ECEESPE2025 ePoster Presentations Pituitary, Neuroendocrinology and Puberty (220 abstracts)
1Republican Specialized Scientific and Practical Medical Center of Endocrinology named after Ya.Kh. Turakulova, Tashkent, Uzbekistan; 2Tashkent Pediatric Medical Institute, Endocrinology, Tashkent, Uzbekistan
JOINT1250
Aim: To evaluate the signs of premature adrenarche (PA) in girls and its relationship with clinical signs.
Material and Methods: The study included 148 girls who had clinical signs of PA, and in 85 the corresponding pathology was confirmed. The control group consisted of 30 healthy girls. Serum levels of dehydroepiandrosterone (DHEA), dehydroepiandrosterone sulfate (DHEAS) and androstenedione (Δ4A) were analyzed. The prevalence of childhood metabolic syndrome (CMS) was assessed using modified WHO criteria.
Results: Based on these results, girls with PA and pubic/axillary hair growth (PAHG; n = 77) had higher levels of DHEA, DHEAS, and Δ4A than girls without PAHG (n = 8). Increased levels of adrenal androgens were also observed in the PA group without PAHG compared with the control group. The frequency of pMS among girls with PA was 18.5% (63/85), which was higher than the control group (10%, 3/30). The most common component of pMS among girls with PA was overweight (59% vs. 41% in the control group, P < 0.05). Girls with PA and PAHG were more likely to have elevated fasting insulin levels (28% vs. 10% in the control group, P <0.05).

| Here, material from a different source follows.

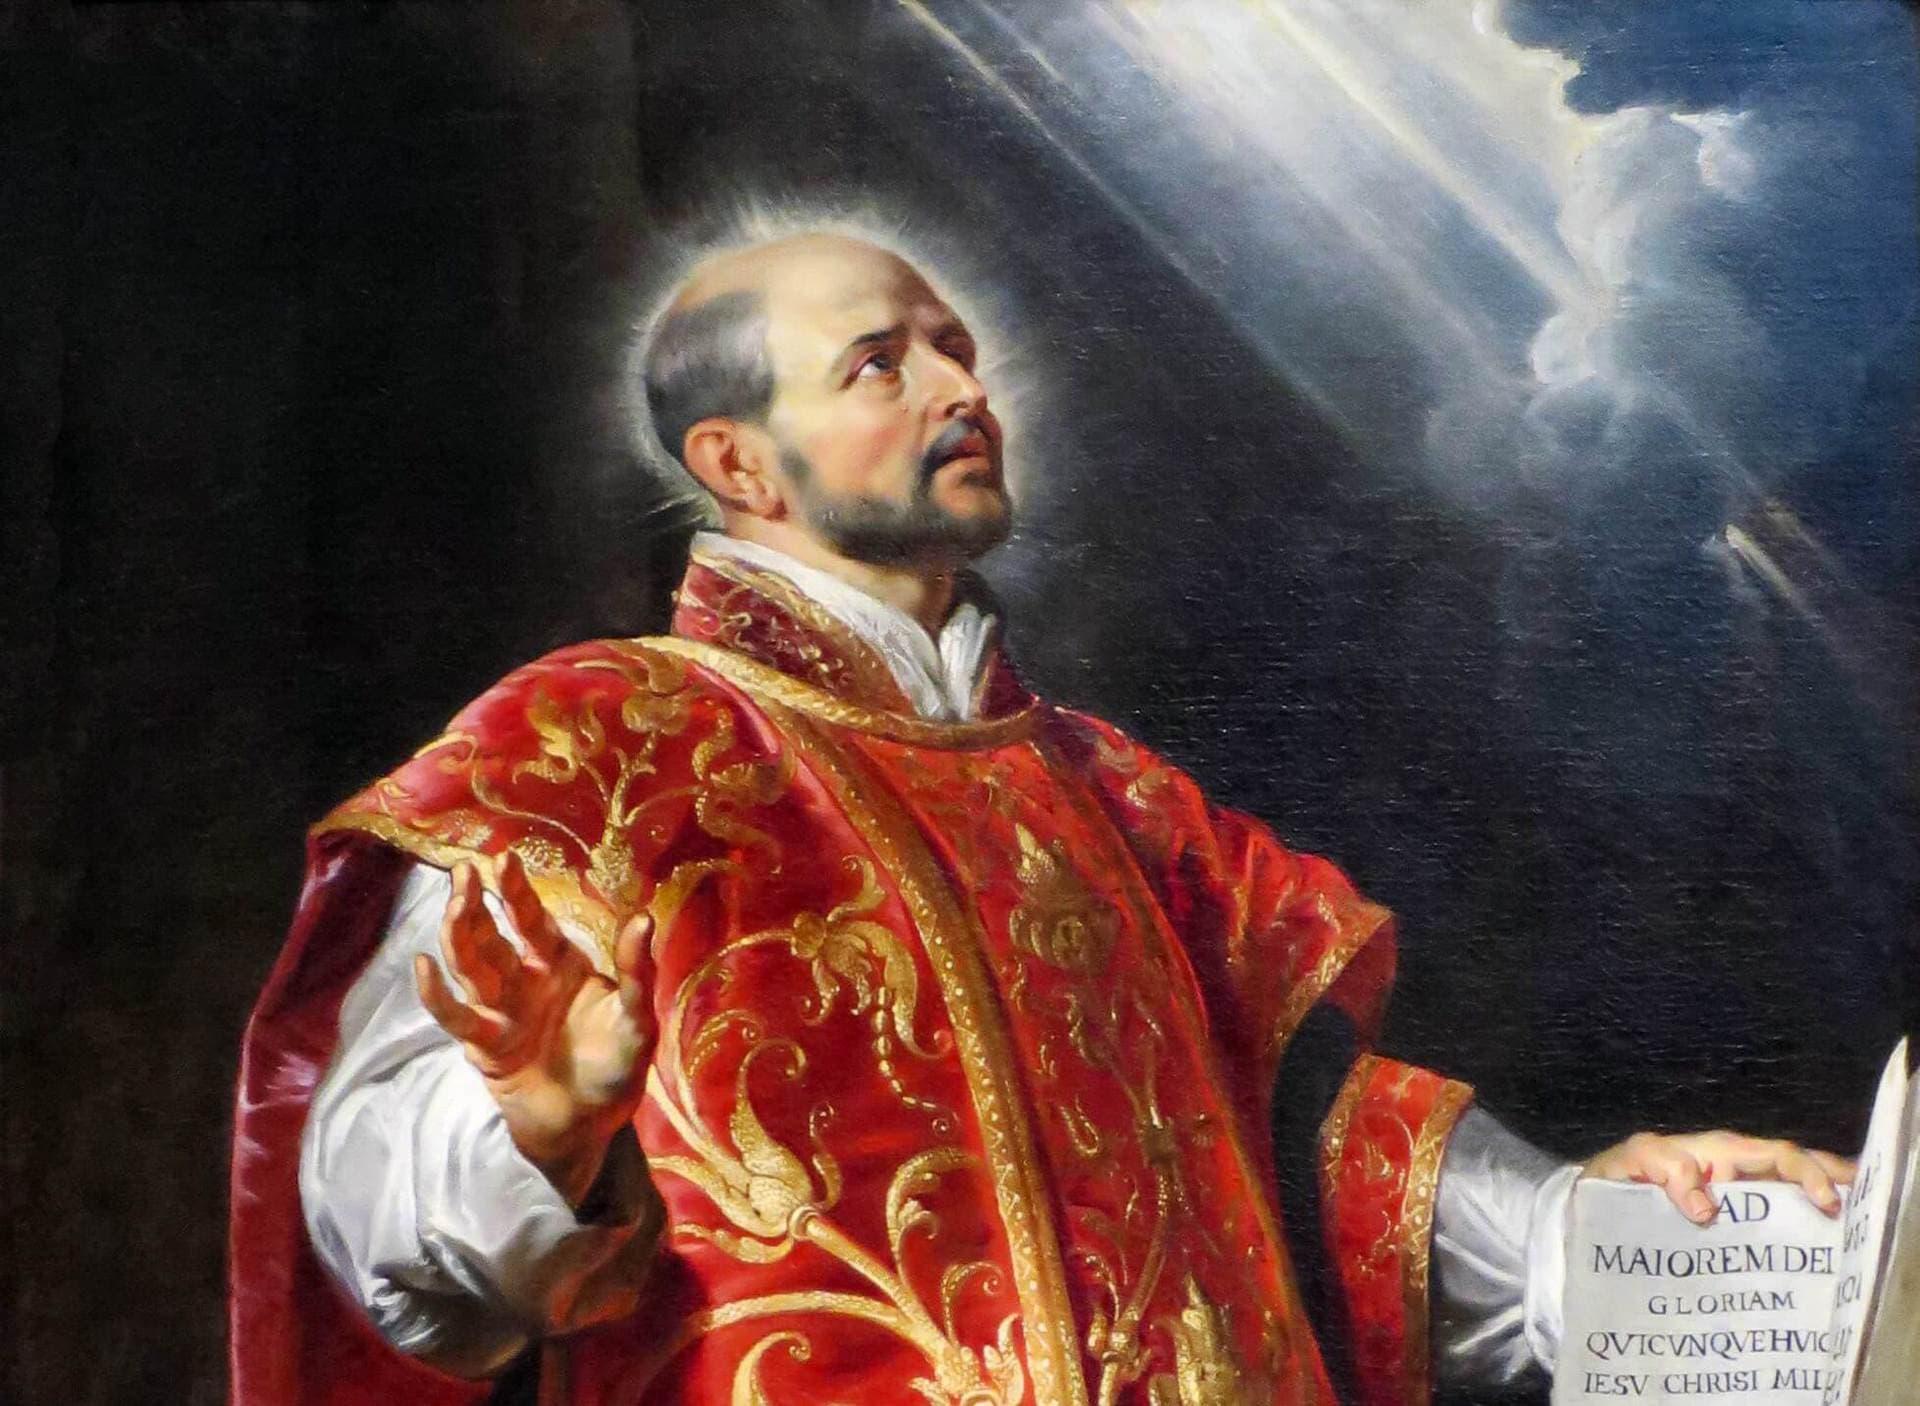 st. ignatius of loyola 3 steps to contemplative prayer

Conclusion: An increased concentration of adrenal androgens in serum is associated with the presence of pubic and axillary hair in girls with premature adrenarche (PA). Girls with PA have an elevated risk of developing metabolic syndrome, with excess weight being the most significant risk factor. The obtained data highlight the need for early monitoring of body weight and metabolic parameters in girls with PA to prevent metabolic disorders.